Open items deferred to follow-up (not blocking this decision)

  • Post-delivery hosting: whether/how long the factory keeps a customer's live site running after handover, and who bears the (currently $0, free-tier) cost and credential ownership. Default until decided: factory hosts during engagement only; post-delivery the customer runs the exported bundle.
  • Custom-domain strategy per customer.

Alternatives Considered

Per-DAE CSV → HTML (status quo)

Zero infrastructure and perfectly customer-independent, but no referential integrity, no cross-DAE view, and active sprawl across solution folders. Rejected: it is a degraded approximation of an EA repository, which is exactly what LeanIX is meant to be.

Per-DAE D1 (one database per request)

Kills sprawl within a single request but keeps each DAE an island — no enterprise-wide model, defeating the "enterprise architecture" purpose. Rejected in favour of per-customer scope.

Single shared D1 across all customers (catalog/customer column)

Simplest to operate, but places STM and Transgesco data in one database. Rejected outright: violates the customer data-isolation / compliance constraint.

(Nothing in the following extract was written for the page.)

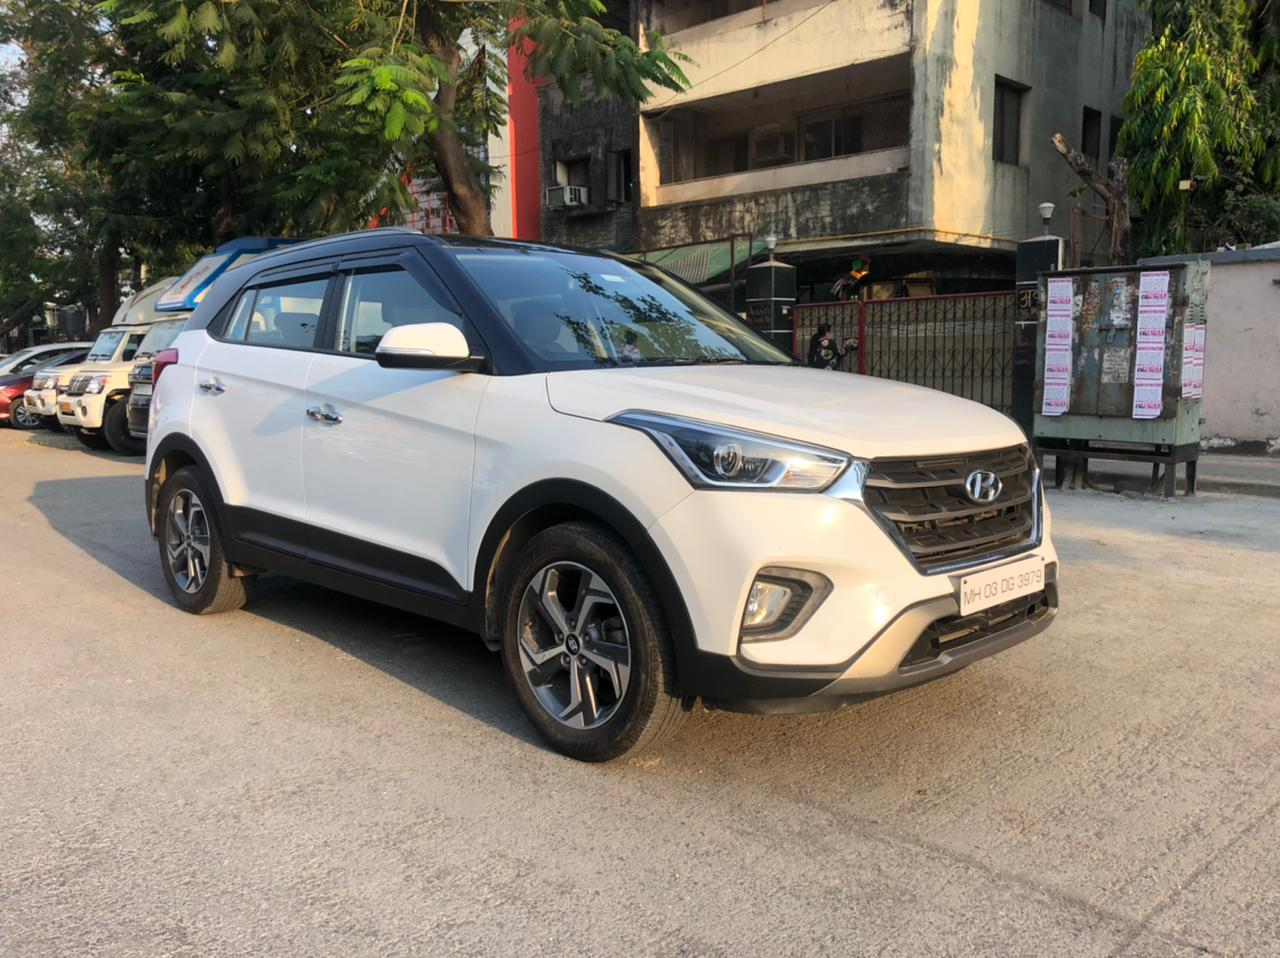 2019 Used Hyundai Creta SX 1.6 DUAL TONE PETROL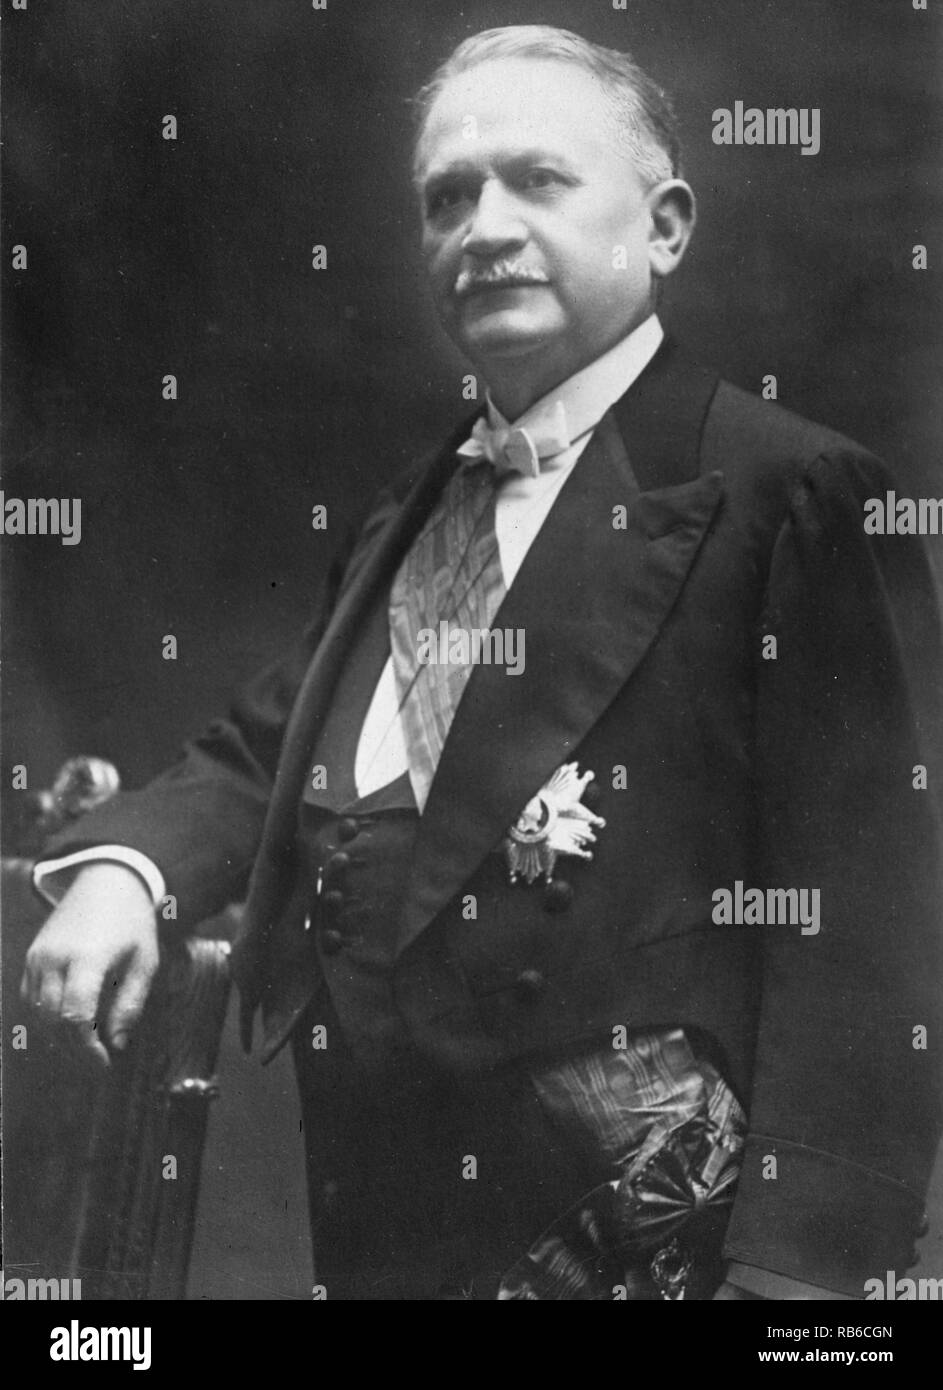 Gaston Doumergue, Pierre-Paul-Henri-Gaston Doumergue (1863 - 1937) French politician of the Third Republic. - Stock Image

Atlassian Assets / headless CMS as the store

Native object modelling (Assets) or strong publishing (CMS), but both introduce vendor lock-in and break the foundry independence rule (customer cannot run the deliverable without the SaaS). Rejected.

Consequences

Positive

  • One queryable enterprise model per customer; cross-DAE questions become answerable. Referential integrity is enforceable (orphan checks).
  • Compliance-grade customer isolation by construction.
  • Foundry rule preserved: portable .sqlite + CSV deliverable, no factory lock-in.
  • CSV-during-validation keeps the correction workflow unchanged; the DB step is additive, not disruptive.
  • Config-driven importer makes onboarding a new customer/DAE trivial.

Negative

  • agent-ea's output contract changes: a validated-upload step replaces loose CSV emission. Pipeline and leanix-catalog-extract toolkit must be updated (Phase 3a).
  • A build/publish step (CSV ⇄ D1 ⇄ Pages) now exists where there was a direct CSV → HTML render.
  • Factory now operates per-customer cloud resources (credentials, account hygiene) during engagements.

Neutral

  • Cloudflare free tier covers current volume; cost is $0 today but is a factory-account dependency to track.
  • wrangler.toml is swapped in place per customer at deploy time (wrangler.{customer}.toml are the sources of truth) because pages deploy does not accept a custom config path.
  • Existing STM DAEs without Object/Relation catalogs (e.g. DAE-0006, Jira-only) are simply not ingested; no data loss, they were never catalog sources.